For weeks, the U.S. public followed the biggest offensive of the Afghanistan War against what it was told was a “city of 80,000 people” as well as the logistical hub of the Taliban in that part of Helmand. That idea was a central element in the overall impression built up in February that Marja was a major strategic objective, more important than other district centres in Helmand.
It turns out, however, that the picture of Marja presented by military officials and obediently reported by major news media is one of the clearest and most dramatic pieces of misinformation of the entire war, apparently aimed at hyping the offensive as a historic turning point in the conflict.
Marja is not a city or even a real town, but either a few clusters of farmers’ homes or a large agricultural area covering much of the southern Helmand River Valley.
“It’s not urban at all,” an official of the International Security Assistance Force (ISAF), who asked not to be identified, admitted to IPS Sunday. He called Marja a “rural community”.
Porter noted that the propaganda campaign had probably been ordered from the top.
A central task of “information operations” in counterinsurgency wars is “establishing the COIN [counterinsurgency] narrative”, according to the Army Counterinsurgency Field Manual as revised under Gen. David Petraeus in 2006.
That task is usually done by “higher headquarters” rather than in the field, as the manual notes.
The COIN manual asserts that news media “directly influence the attitude of key audiences toward counterinsurgents, their operations and the opposing insurgency.” The manual refers to “a war of perceptions…conducted continuously using the news media.”
Gen. Stanley A. McChrystal, commander of ISAF, was clearly preparing to wage such a war in advance of the Marja operation. In remarks made just before the offensive began, McChrystal invoked the language of the counterinsurgency manual, saying, “This is all a war of perceptions.”
The Washington Post reported Feb. 22 that the decision to launch the offensive against Marja was intended largely to impress U.S. public opinion with the effectiveness of the U.S. military in Afghanistan by showing that it could achieve a “large and loud victory.”
The false impression that Marja was a significant city was an essential part of that message.
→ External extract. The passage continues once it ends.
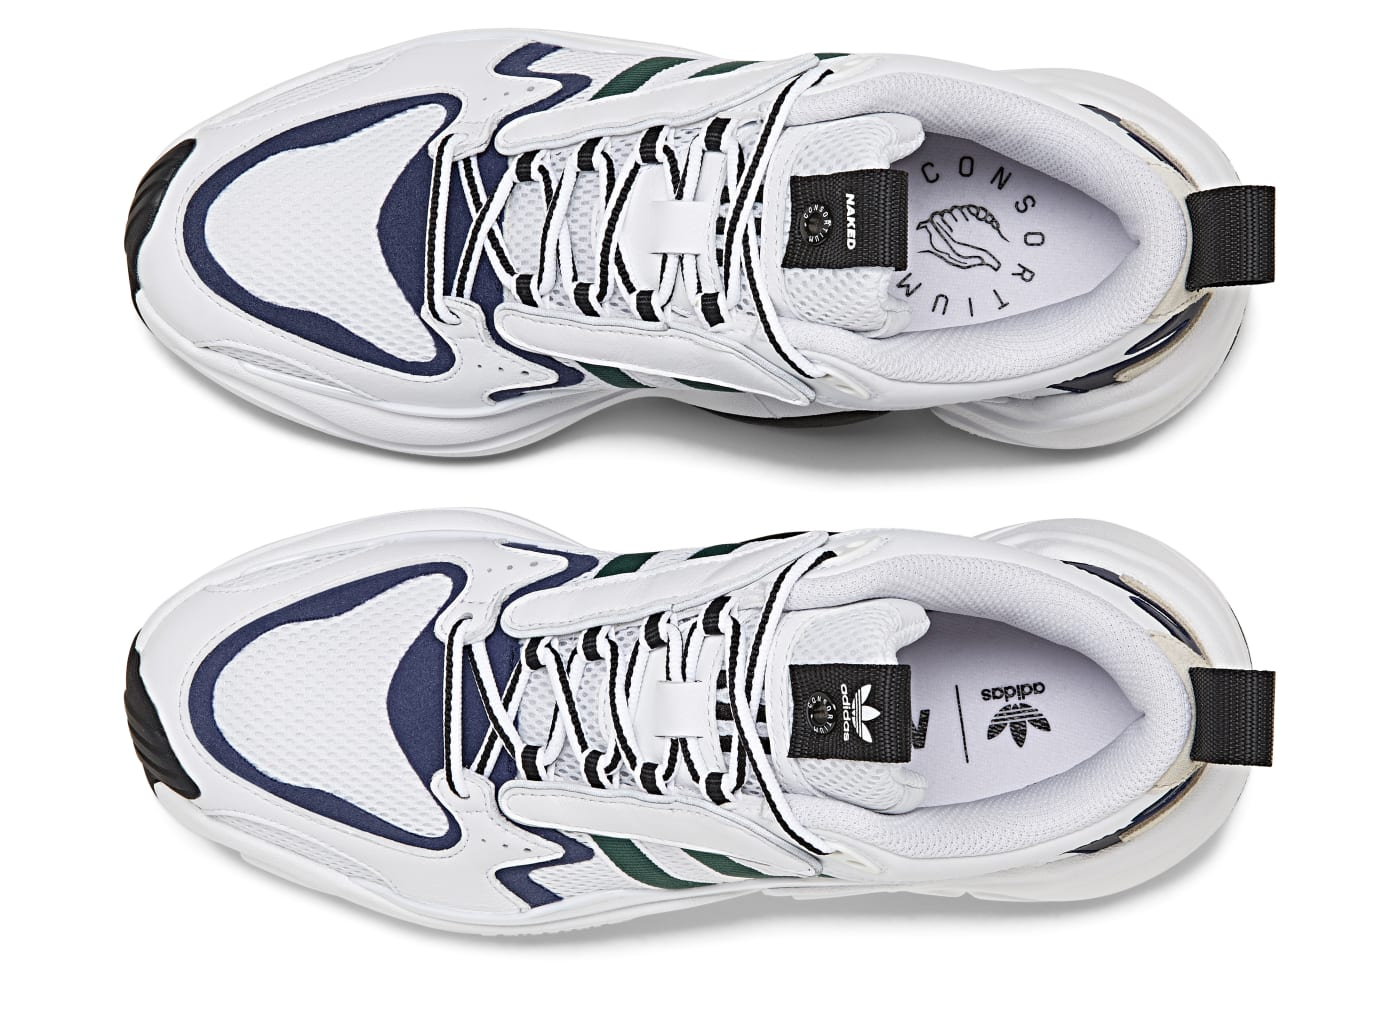 Adidas Consortium Communitas Naked Magmur Runner G26279 (Top)

A key senior figure in a Bush administration covert Pentagon program, which used retired military analysts to produce positive wartime news coverage, remains in the same position today as a chief Obama Defense Department spokesman and the agency’s head of all media operations.
In an examination of Pentagon documents the New York Times obtained through a Freedom of Information Act request — which reporter David Barstow leveraged for his April 2008 Pulitzer Prize-winning exposé on the program – Raw Story has found that Bryan Whitman surfaces in over 500 emails and transcripts, revealing the deputy assistant secretary of defense for media operations was both one of the program’s senior participants and an active member.
The program was ostensibly run out of the Pentagon’s public affairs office for community relations, as part of its outreach, and attended to by political appointees, most visibly in these records by then community relations chief Allison Barber and director Dallas Lawrence.
But as Barstow noted in his report, in running the program out of that office rather than from the agency’s regular press office, “the decision recalled other Bush administration tactics that subverted traditional journalism.” In addition to concealing the true nature of the program and the retired military officers’ participation in it, this tactic produced one other effect.
It provided Bryan Whitman, a career civil servant and senior Defense Department official who oversees the press office and all media operations, cover if and when the program was revealed.